Mardi 21 février 2012 2 21 /02 /Fév /2012 16:22

 

 

Je n’aime pas les mariages.

Qu’ils soient fastueux, chiches, beaufs, princiers, en petit comité ou en grandes pompes, il y a une constante incontournable à tous les mariages : les invités dont on ne sait pas quoi faire.
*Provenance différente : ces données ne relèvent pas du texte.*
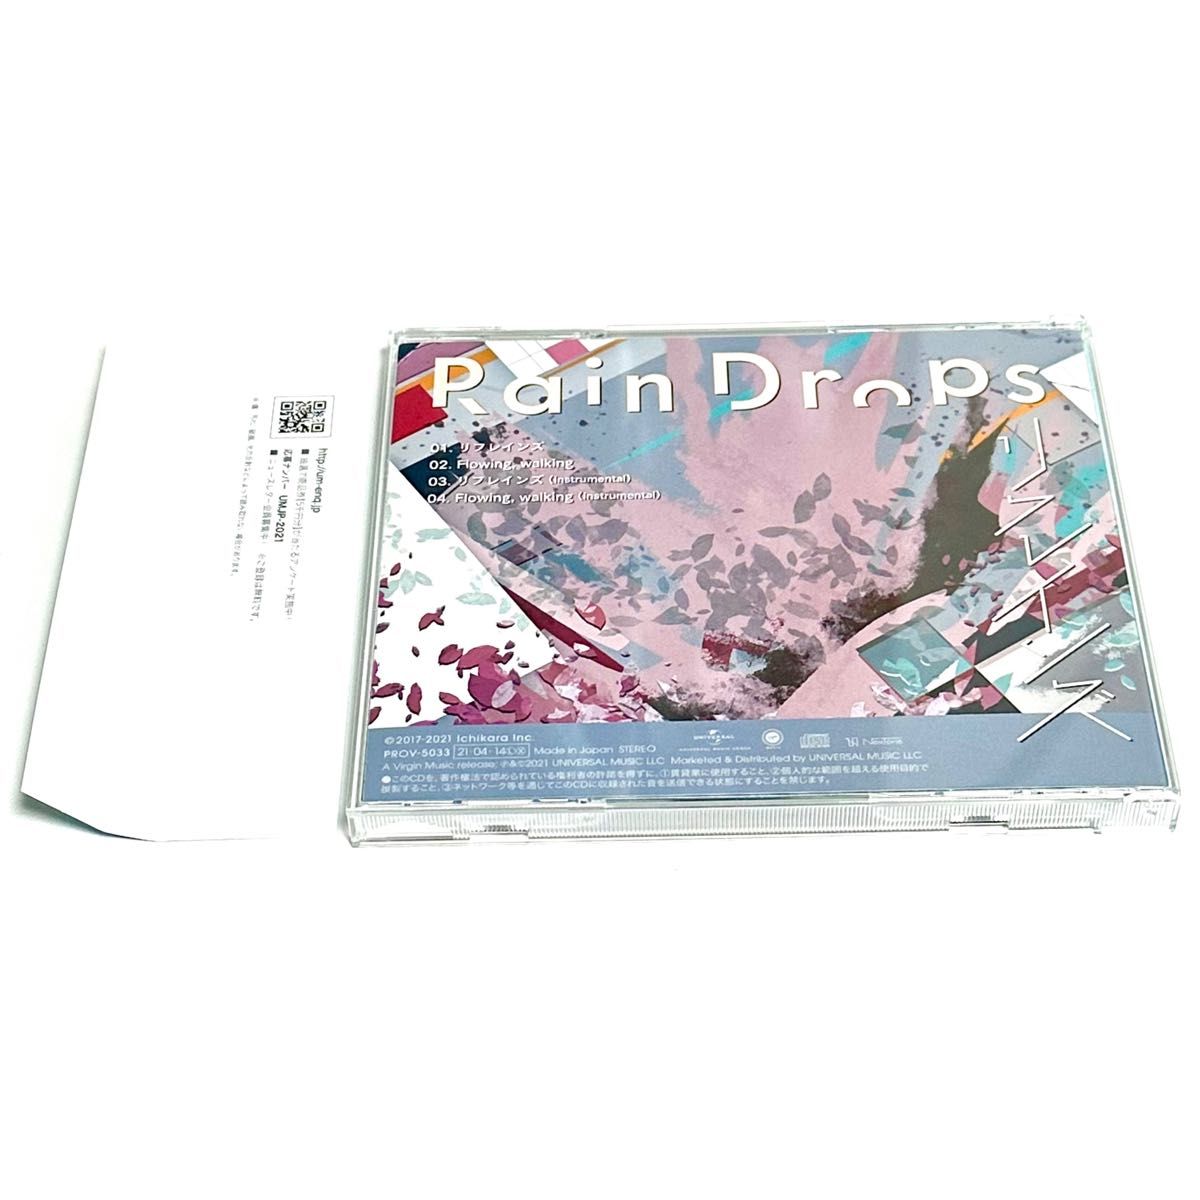 【完全数量生産限定盤】リフレインズ / Rain Drops シリアルナンバー入り CD

Je ne parle pas du problème qu’ils posent à belle-maman ou à je ne sais qui qui se casse la tête sur le plan de table : je ne me suis jamais trouvée de ce côté-là du problème. Non, je parle de ce que c’est qu’être un invité incasable.

 

Qui sont-ils, ces empêcheurs de faire des plans de tables rondes ? Les célibataires. Ceux qui ne font partie d’aucune bande, qui ne sont plus assez jeunes pour qu’on les mette à la table des enfants et pas assez proches pour la table des mariés. Vous me direz : pourquoi sont-ils invités ? Mais la question ne se pose-t-elle pas, en règle générale, pour la moitié des invités ?

Elle se posait pour moi en tout cas au mariage de cette cousine, tellement éloignée que je ne savais même pas si je l’avais déjà rencontrée un jour. Pour la même obscure raison qui avait dû la pousser à m’inviter, je n’avais pas osé décliner, mais les convenances et les politesses n’ont pas toujours que du bon.

Je n’ai pas eu de mal à la reconnaître, mais je n’ai que peu de mérite : c’était la seule déguisée en meringue. Elle, en revanche, n’a pas su cacher qu’elle ne me remettait pas du tout ce qui, je l’avoue, m’a bien fait rire. Je me suis amusée un moment de son malaise en sur-jouant l’émotion de ces si belles retrouvailles dans de si belles circonstances et bon sang ! que j’étais heureuse pour elle ! elle était plus belle que jamais ! mais je n’avais pas mesuré encore à ce moment là que ce qui ne serait pour elle qu’un bref moment de gêne allait être pour moi une longue torture.

 

D’abord, le défilé des vieux. Les vieux qui savent très bien qui tu es – la petite-nièce du beau-frère de la mère de je ne sais qui – mais ils pourraient bien inventer n’importe quoi, tu n’irais pas contredire ou vexer un vieux, même si tu ignores totalement qui c’est.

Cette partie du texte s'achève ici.